I was wondering if there’s a way to export directly to csv from Tbx without passing through Excel? Thanks.

Yes, by exporting CSV! So, seen in Export [sic] pane:

The preview pane is for formatted HTML, i.e. how the rendered code looks. So for pure data export always look at the export pane to pre-export preview your template’s result.

I’ve added CSV versions of both the two existing export forms (i.e. outline and pivoted outline). All new templates include ‘CSV’ in their title. I’ve used a conservative flavour of CSV putting all values in straight double quotes. this allows commas to occur in the exported values (but not straight double quotes).

For good measure i’ve also added TSV (tab-delimted) format template versions too (see ‘TSV’ in template names).

When exporting, select the ‘Soccer Team’ note and file ▸ Export Selected note and when saving the now set a ‘.csv’ file extension for CSV or ‘txt’ for TSV. note the default is ‘.html’ as HTML export is assumed.

This should also answer Can I export JSON/XML/etc… I literally is a matter of:

  • understanding the rules of the format (e.g.
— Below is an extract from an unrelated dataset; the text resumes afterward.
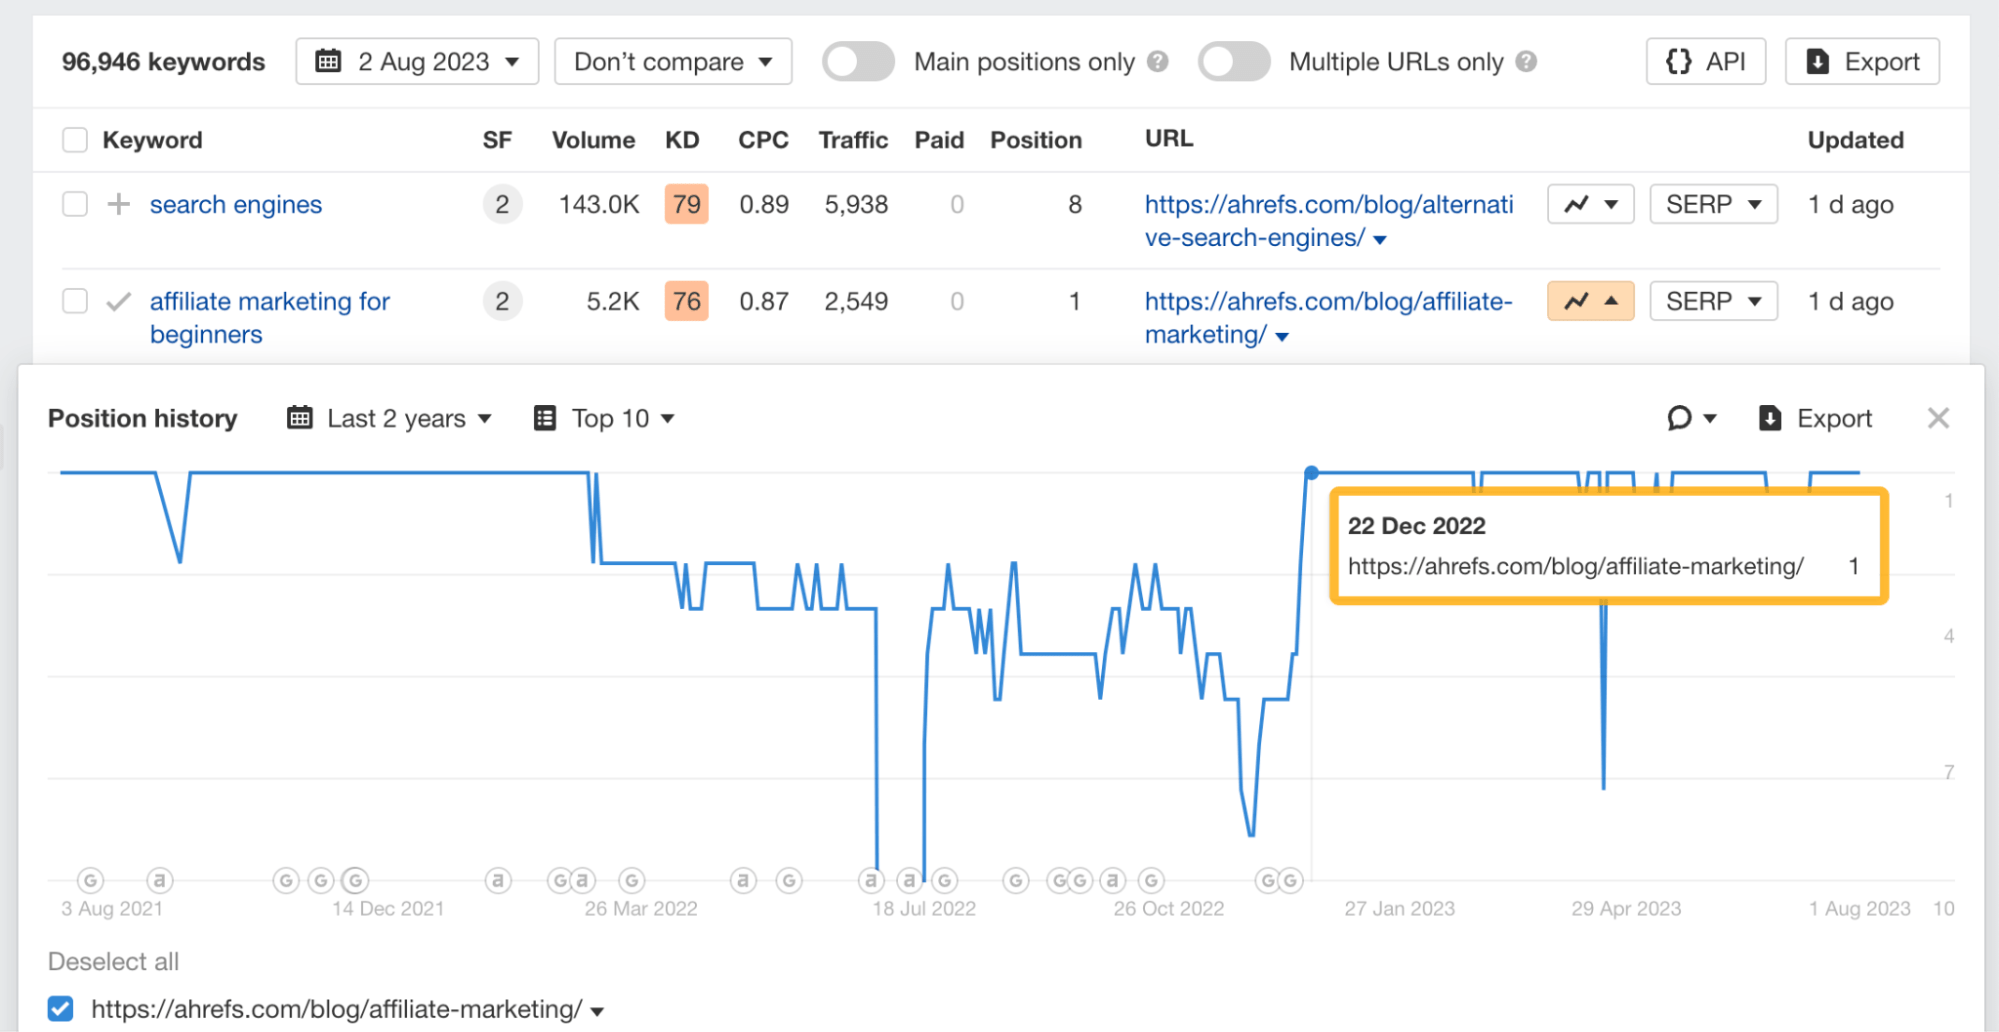 "Position history" chart for "affiliate marketing for beginners" in Organic keywords report, via Ahrefs' Site Explorer

XML, like HTML, element attribute values must use straight double quotes).
  • inserting the right formatting characters into the right plasce in the model given by the existing templates.

To help later readers, I’ve extended @satikusala’s earlier template whilst adding the CSV and tab-delim template examples.

TBX L - Soccer Team Pivot Becker-csv.tbx (170.9 KB)

Plus, you may have missed this, Exporting Tabular data as Tab-delim or CSV, that I’d have thought would have given enough of an example to get to the above.

In the “NamesColumnHeadings” you the user need to build the rows in action code but the format is as at the liked document. Indeed, all I did for the the revised demo was to make 2 copies of the 3 existing templates (a pair for outline based and a single for the pivoted table) and replace the HTML with the relevant formatting.